When I joined 3d Signals and had to reach out to potential partners using cold emails (Corona times… hence: no conferences and no face to face meetings), I was feeling really insecure, as for me, this was a totally new market with major cultural differences (Israel vs. Germany and the US). I almost immediately “fell” into the bad habit of sharing the value of the product we provide (in other words, speaking about “myself”). In the beginning, I hardly received any responses, and then I changed my method and focused on what the person on the other side was interested in. I searched for articles, quotes and blogs the person I was interested in connecting with wrote, and tried to find similar interests when addressing them. Like magic, suddenly the conversion of my cold emails into intro meetings increased dramatically. Only then I understood a lesson that I had forgotten: it’s not about me! If you truly want to learn and gain knowledge, you need to listen and not speak. Just WAIT.
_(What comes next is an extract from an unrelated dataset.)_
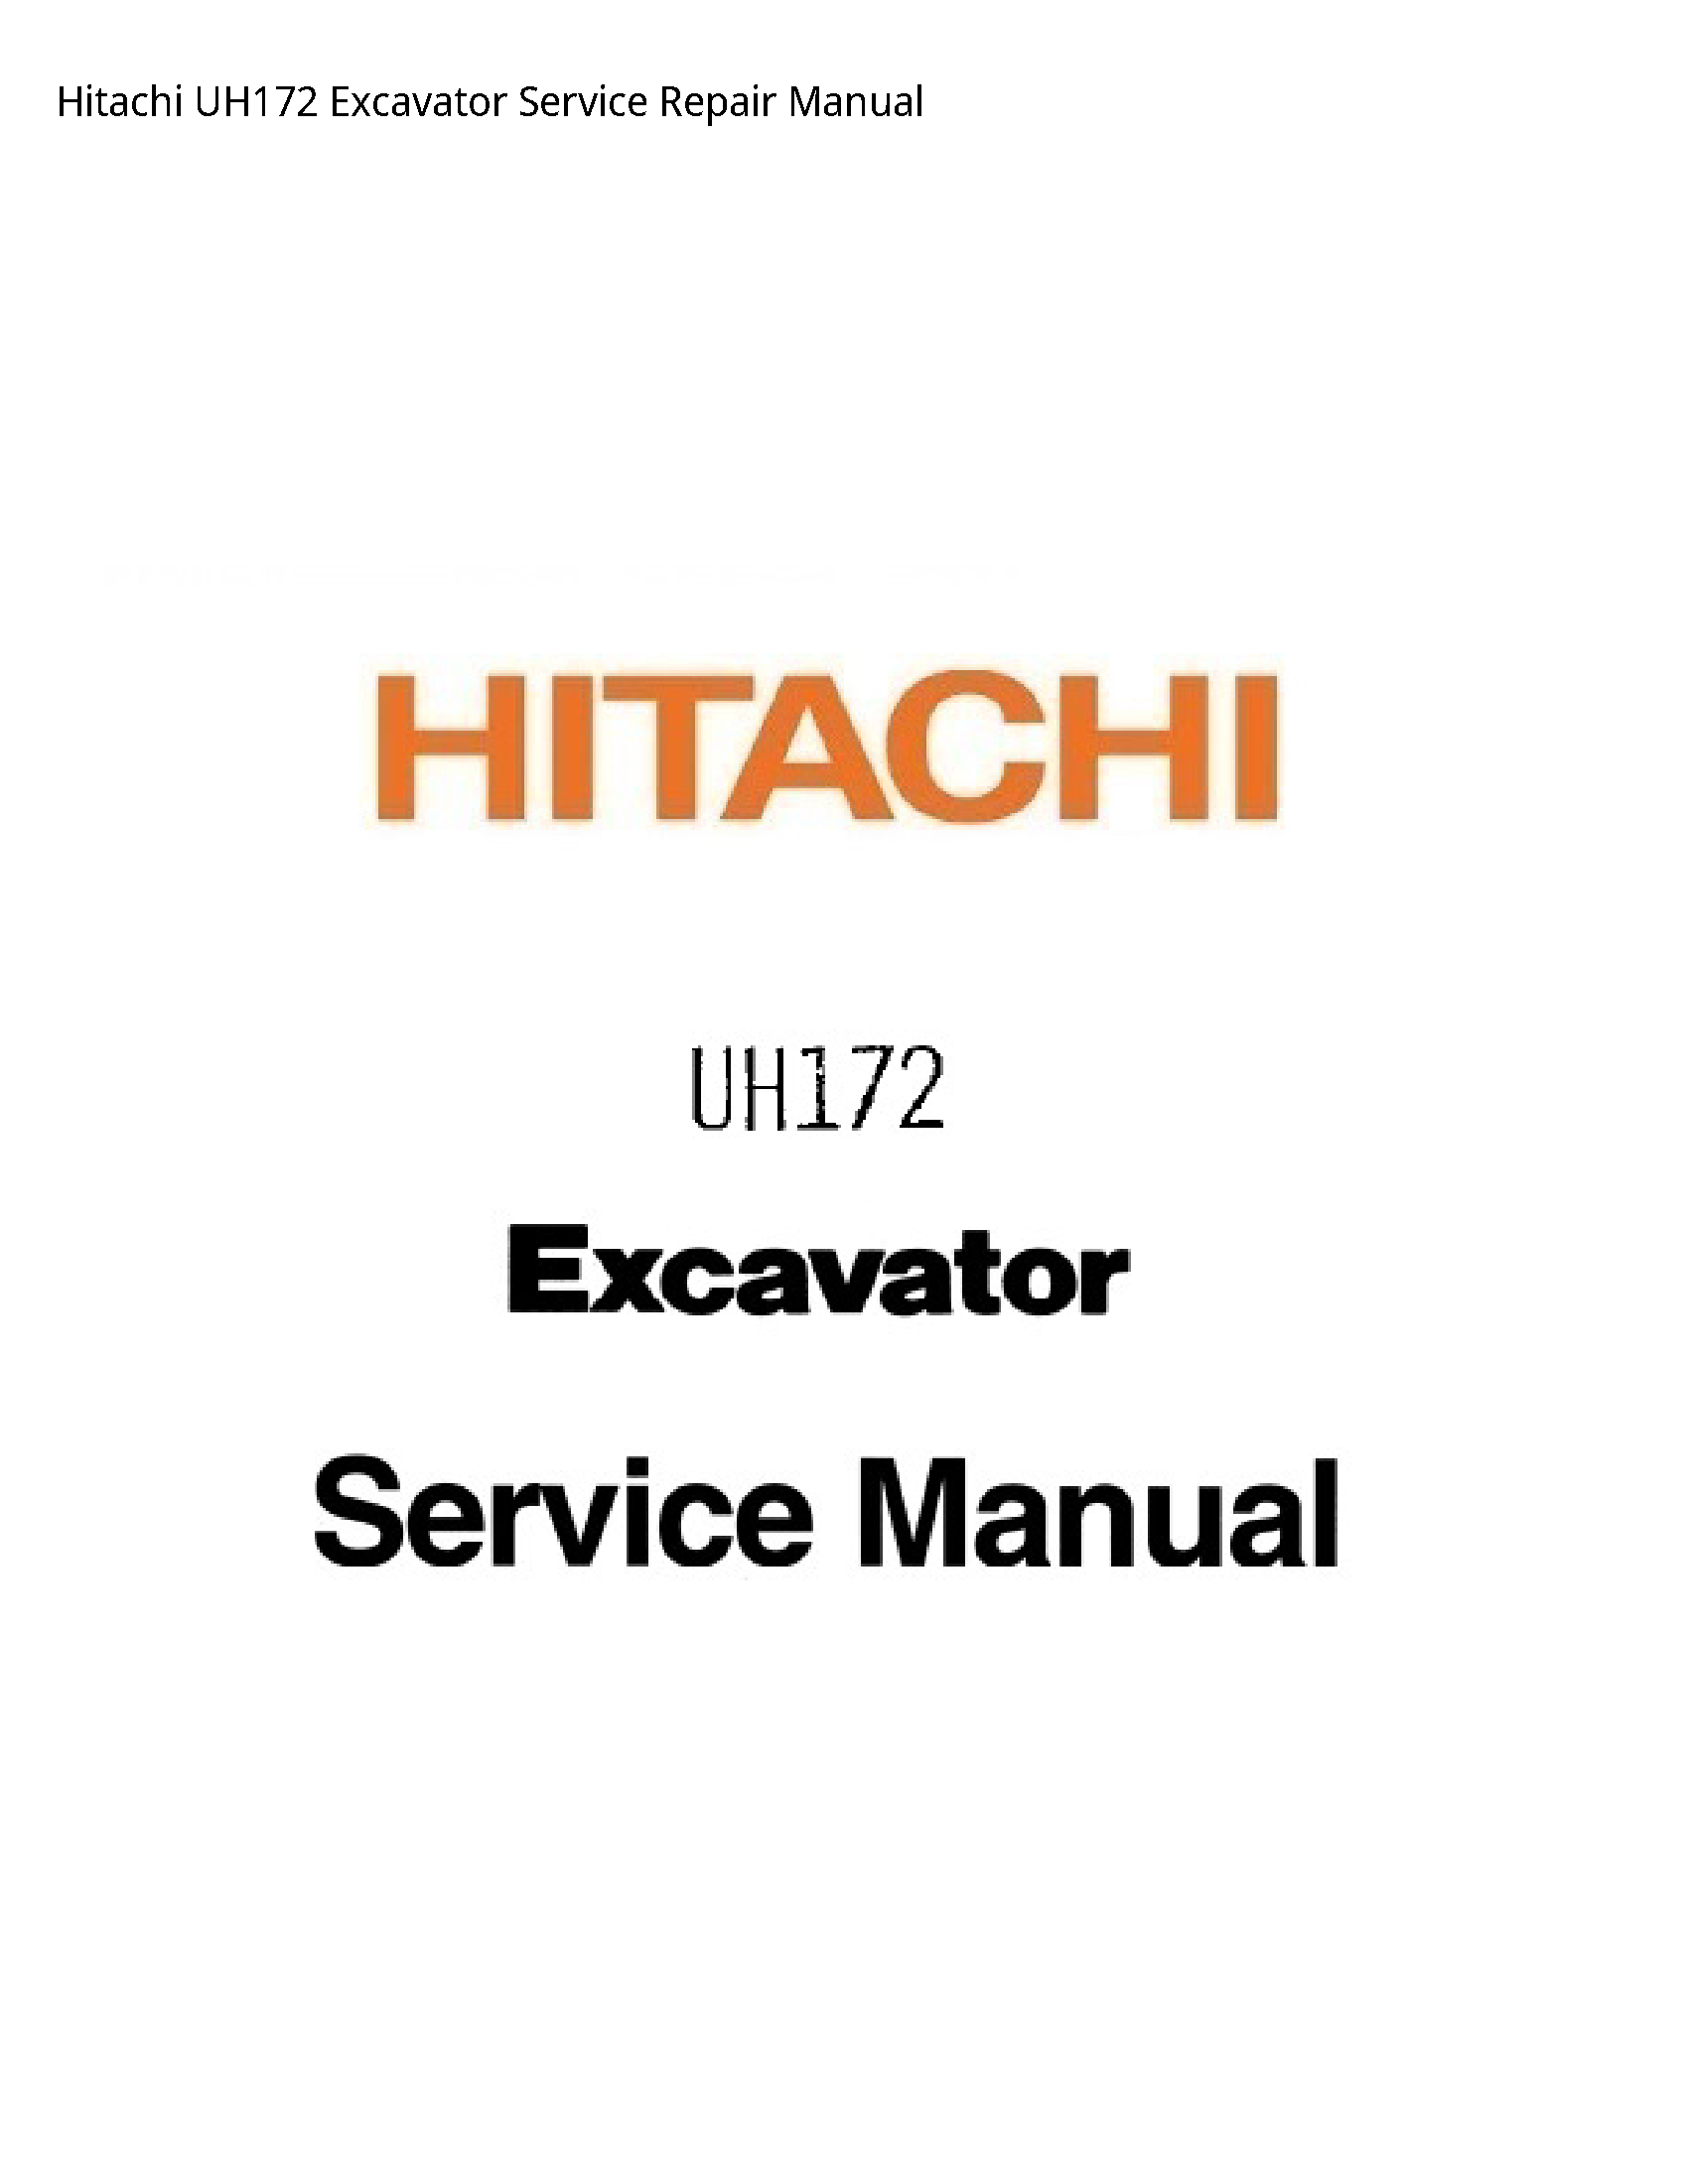 Hitachi UH172 Excavator manual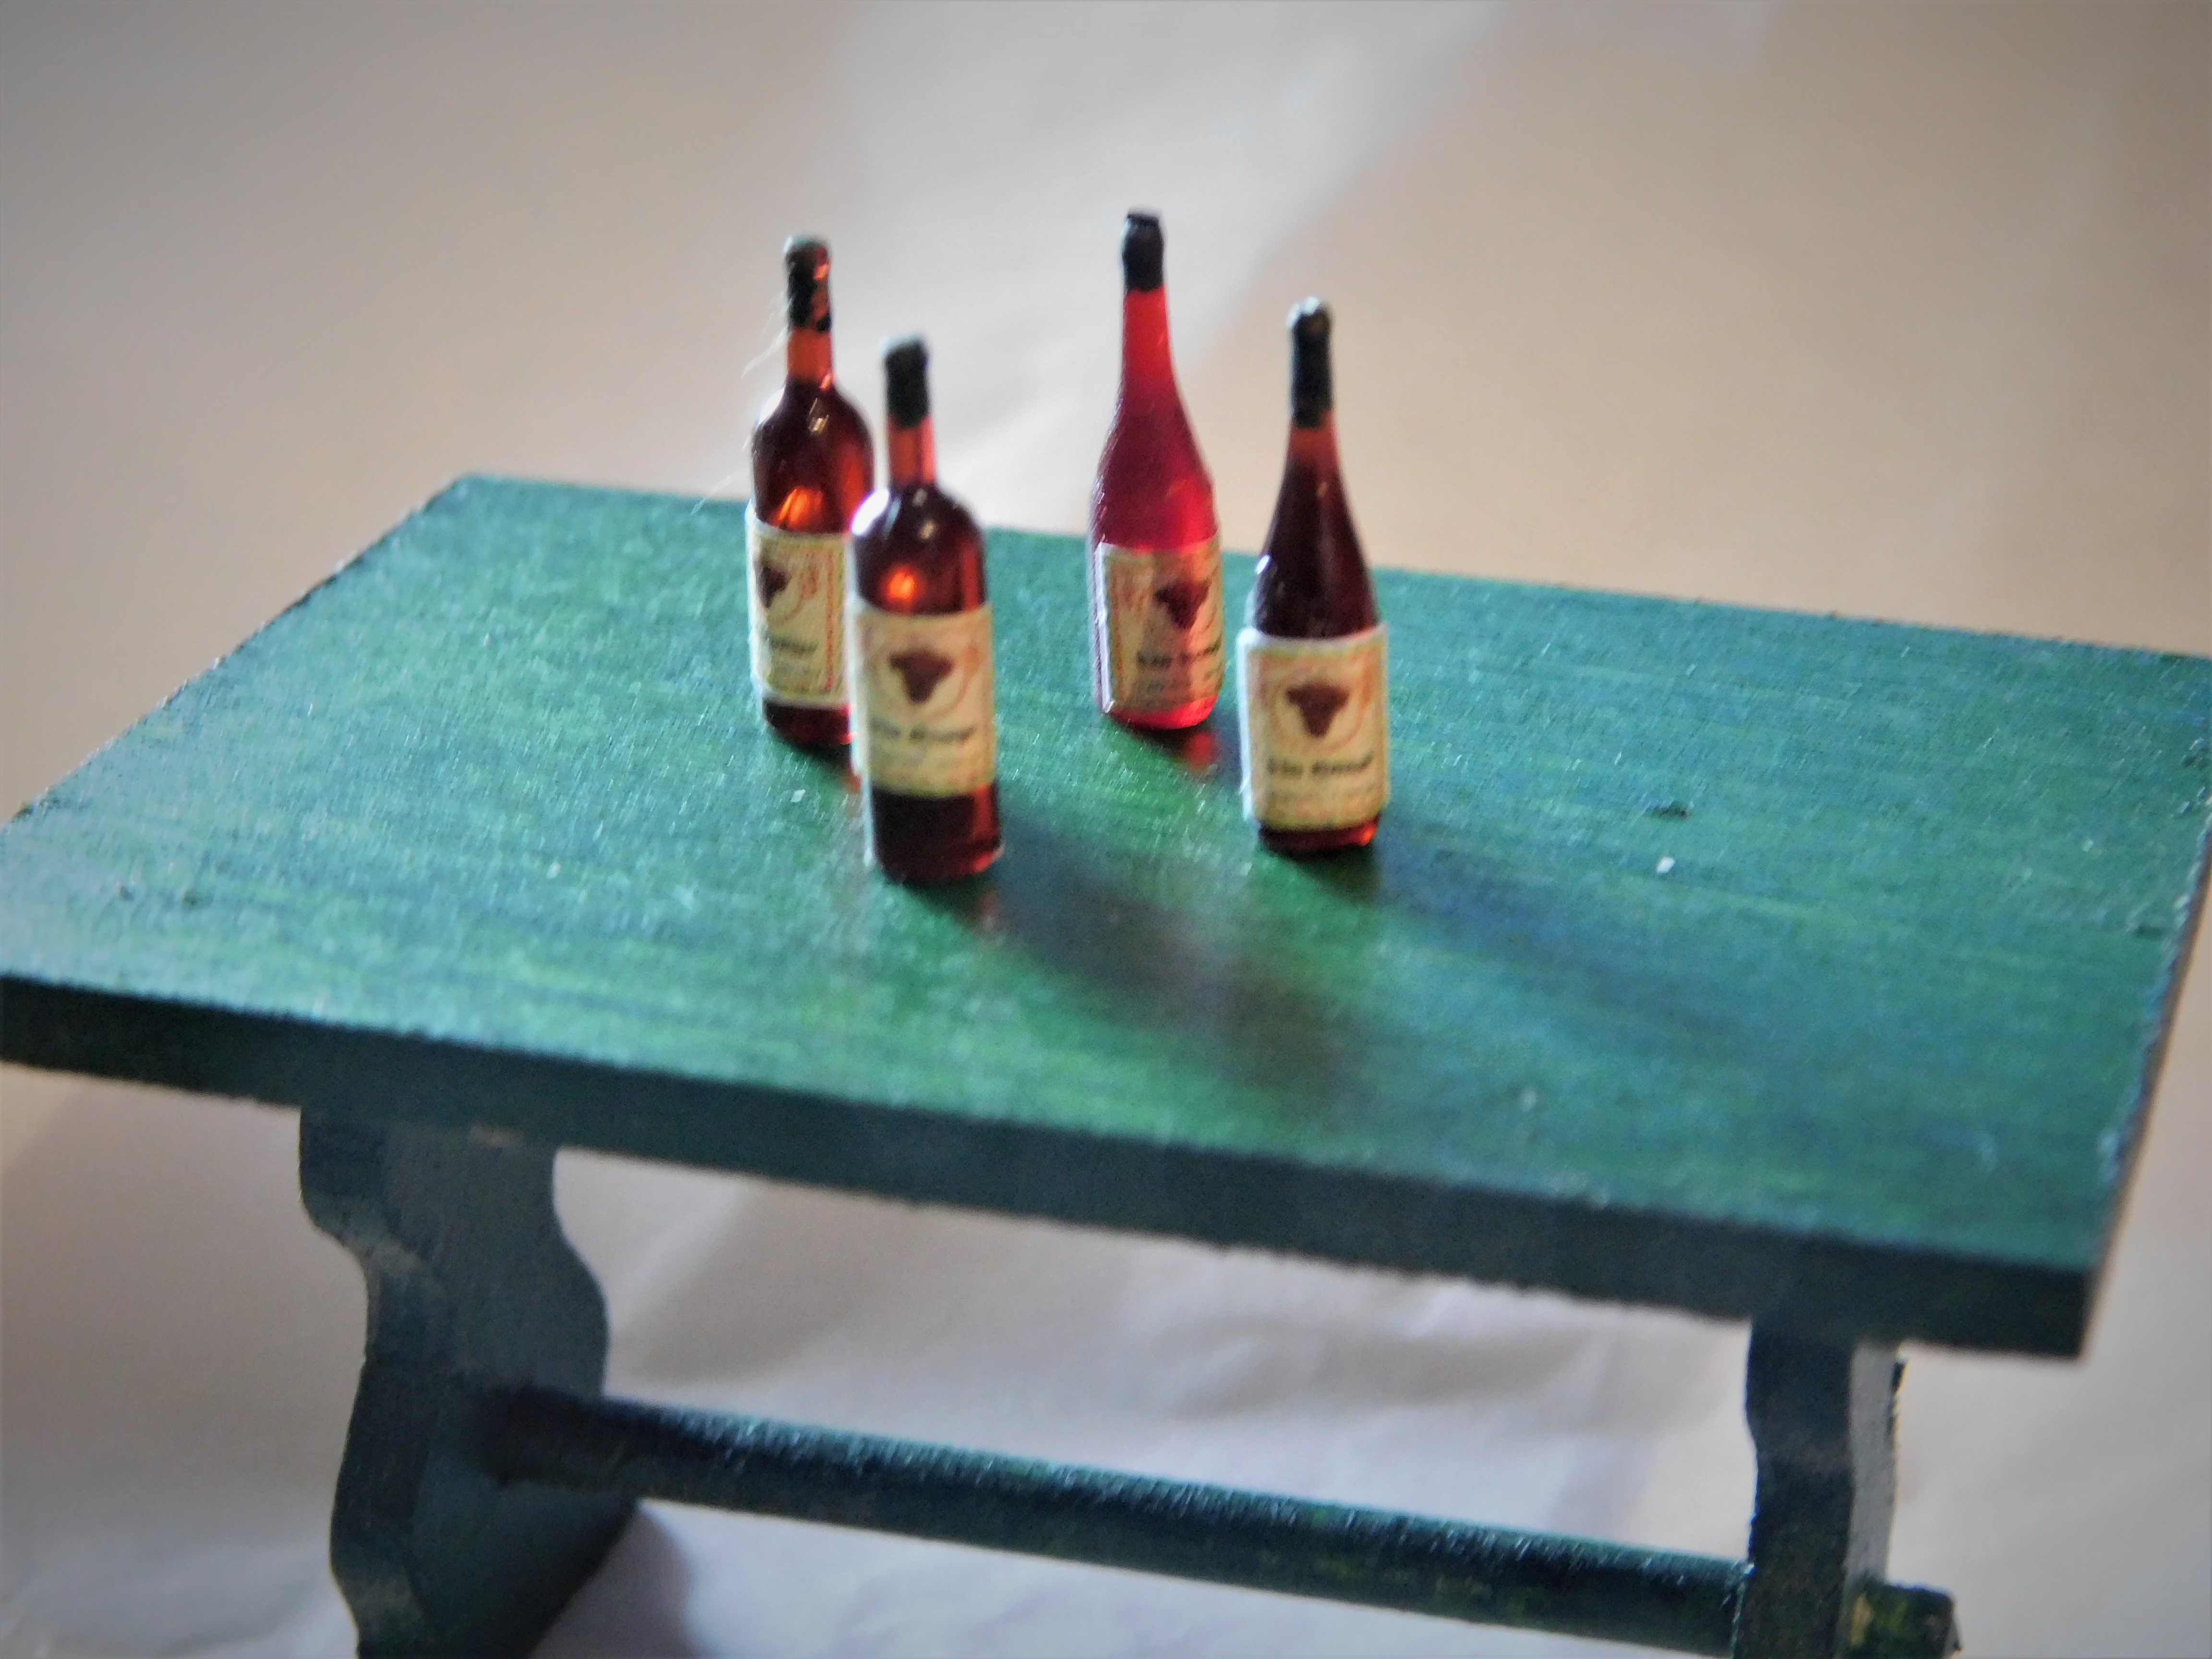 Bouteille de vin miniature au meilleur prix quantité 18, 7 cl rouge

Luck — when preparation meets opportunity
I joined 3d Signals in May 2020, when most of the Israeli market was experiencing a lockdown and hysteria because of the Corona virus. Although I had the dream job at a good company — Microsoft — I received an offer I couldn’t refuse from Ariel Rosenfeld, the CEO of 3d Signals. I remember the Friday dinner I had with my beloved grandma, sharing with her that I decided to leave Microsoft and move to a startup. She looked at me with bewildered eyes and said: “there is a global crisis, and you go and move to a startup?! Are you out of your mind?!” I calmed her down saying that she should trust me and I will surprise her. During the last year, 3d Signals was an “island of sanity”: we worked regularly from the office, travelled and met partners and customers around the world and no one lost their jobs or had to go on leave. I was extremely lucky to join the company at the momentum I joined it. But what seemed like overconfidence on my part that was somehow rewarded, was nothing of the sort; I made sure to listen, to get to know people, and to build a network. My confidence in my new home was not a result of naivety, craziness, or ignorance, but of years-long careful network building that started from listening. Only in this way I could identify a good opportunity when it came through the door, and only in this way could I make a bold move for the next stage of my career.

Looking forward, here are my two cents
Many might think that the offer I had received from Ariel was pure luck. I don’t. At least, not entirely. While I’m a great believer in karma, I also know that luck is really only a piece of the puzzle. When cultivating our net-worth, our actions and mind set will dictate our next career moves. We must focus on listening (WAIT) and keep building our net-worth. Luck, in this sense, becomes less of a thing that is beyond our control and more of a state of mind. When we focus on growing and listening, and do so methodologically, we open the door to all kinds of potential opportunities. Some things, like a global pandemic or shifts in the market we find ourselves, are beyond our control. But listening and growing — those are entirely up to us, and the make the less controllable aspects of our lives much more manageable.